The Department of Justice has charged a third ex-engineer over the alleged theft of self-driving car tech in 2018, after the engineer tried to hand Apple's trade secrets over to a Chinese autonomous driving tech company.
Apple's self-driving vehicle testbed
Announced on Tuesday, the DoJ revealed it had filed charges at the U.S. District Court for the Northern District of California in San Francisco against Weibao Wang on April 11, 2023. Wang stands accused of the theft and the attempt at taking Apple's "entire autonomy source code," tracking systems, behavior planning systems, and system hardware descriptions.
Wang was employed by Apple for one year before he accepted a role for a U.S. subsidiary of an unnamed Chinese autonomous driving technology company.
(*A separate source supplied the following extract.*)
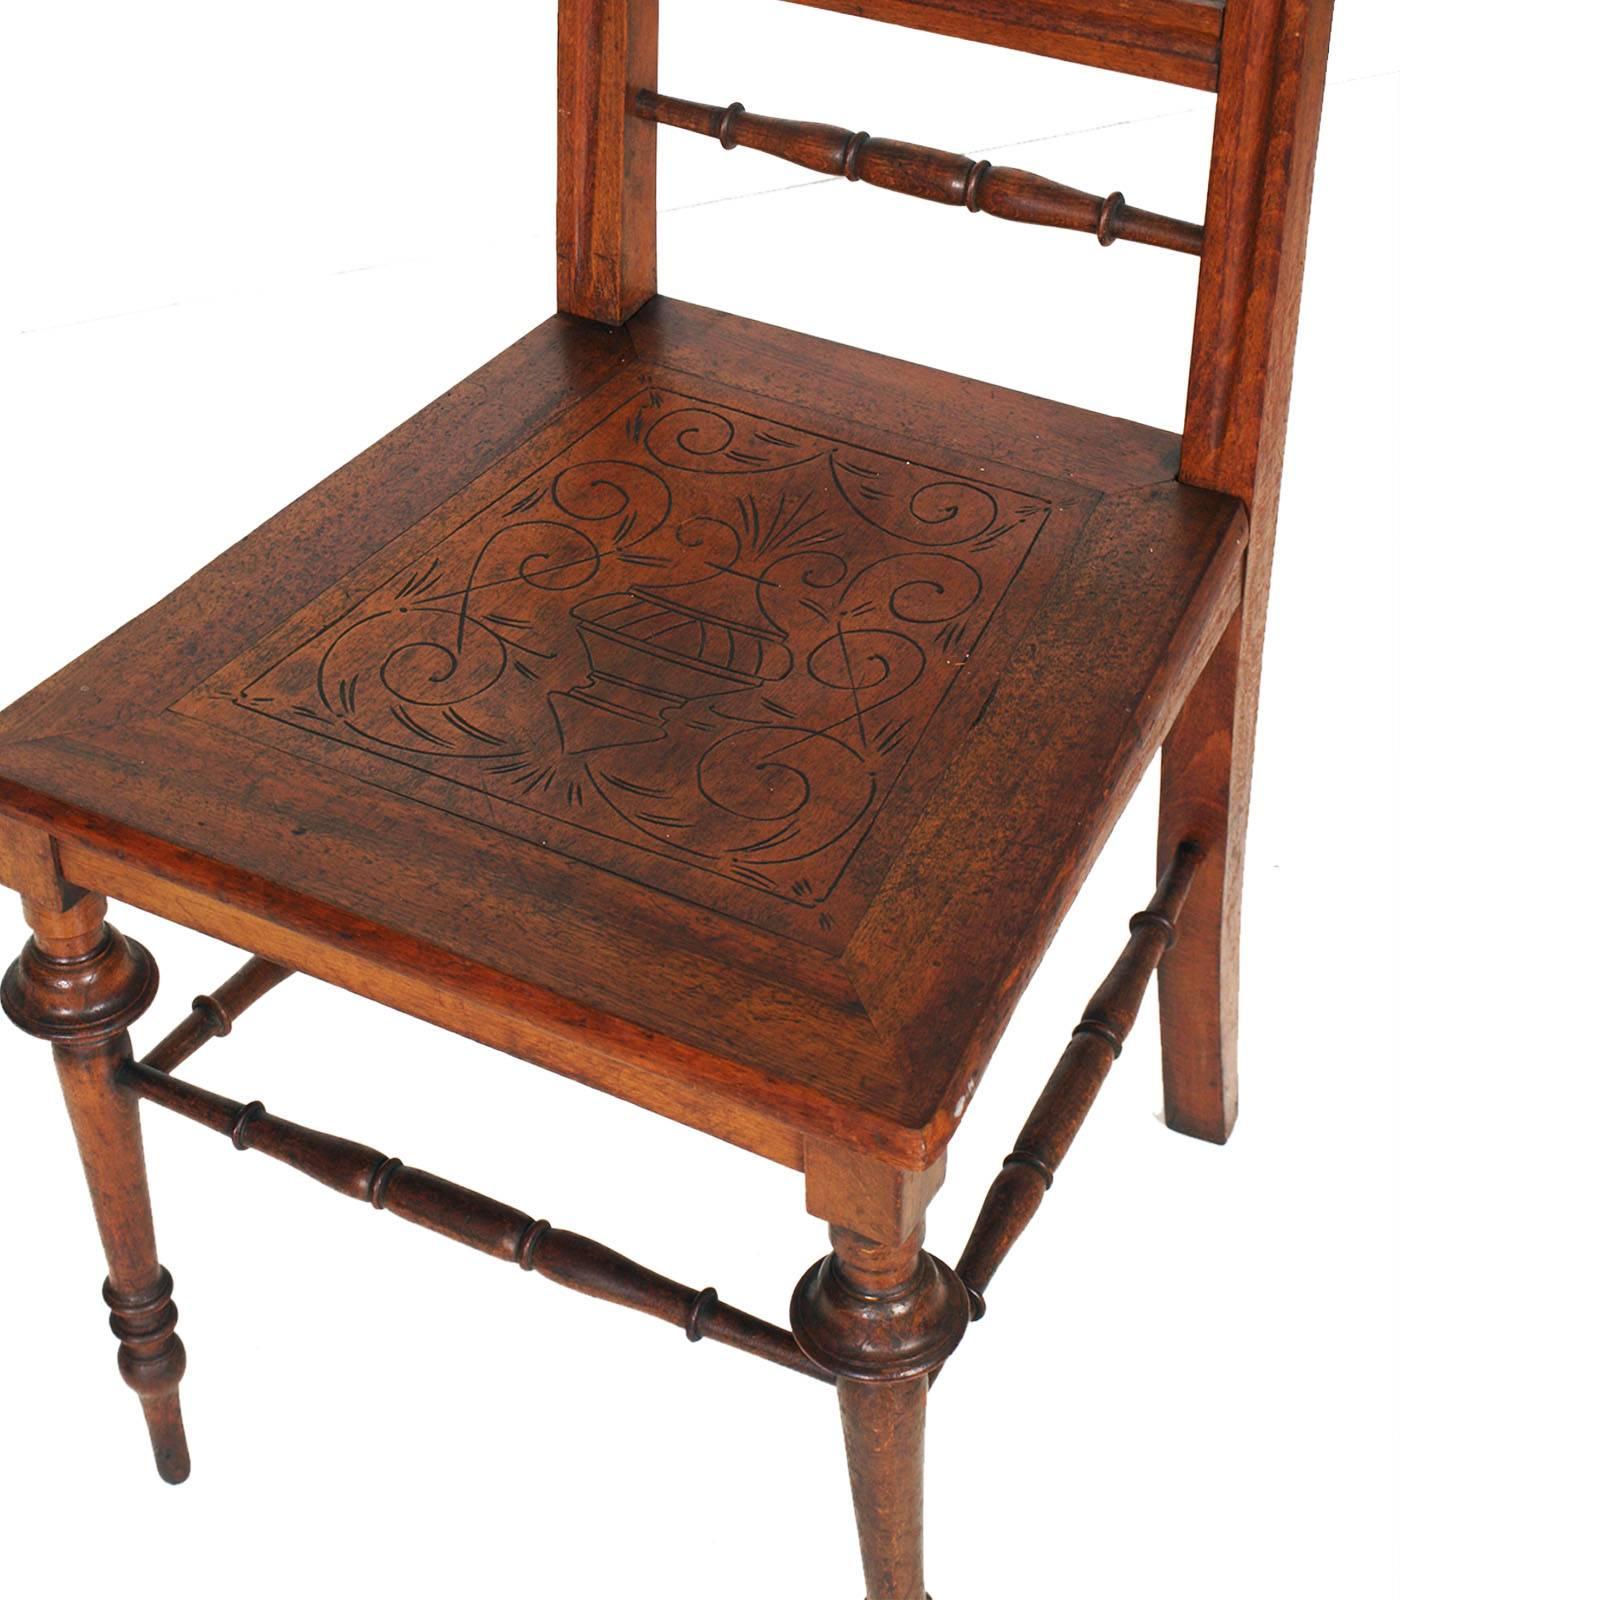 Elégantes chaises d'appoint Chiavarine du milieu du 19e siècle en noyer tourné avec assise sculptée à la main, restaurées et finies à la cire.

Dimensions en cm : H 101\47 x L 45 x P 45.

For four months before he eventually quit Apple, he allegedly siphoned off "large amounts" of sensitive technology and source code, the indictment posted by CNBC alleges.
The man was a software engineer who worked on an Annotation Team that had "broad access" to databases accessible by only 2,700 of Apple's 135,000 employees, the DoJ claims.
In a search of Wang's home on June 27, 2018, the DoJ found vast amounts of confidential and proprietary data from Apple, states the indictment.
Despite the abundance of evidence and the search, Wang was still able to leave the country, after promising he wouldn't. Wang left on a flight to Guangzhou, China, making prosecution difficult.
Ismail Ramsey, U.S. Attorney for the Northern District of California, said that Wang was still in China, and he would face ten years in prison for each count, if he is extradited and convicted.
The charges mean that Wang is the third person to face charges over Apple Car project technology.
Xiaolang Zhang had downloaded a 25-page schematic of a circuit board for use in an autonomous vehicle in 2018, but he was arrested before he boarded a flight to Beijing. By 2022, former "Project Titan" team member Zhang had pleaded guilty in federal court.
In 2019, Chinese national Jizhong Chen was arrested by the FBI over accusations they were trying to steal secrets relating to the self-driving platform. In that instance, Chen was arrested one day before he was scheduled to fly back to China.
Apple has so far declined to comment on Wang's case.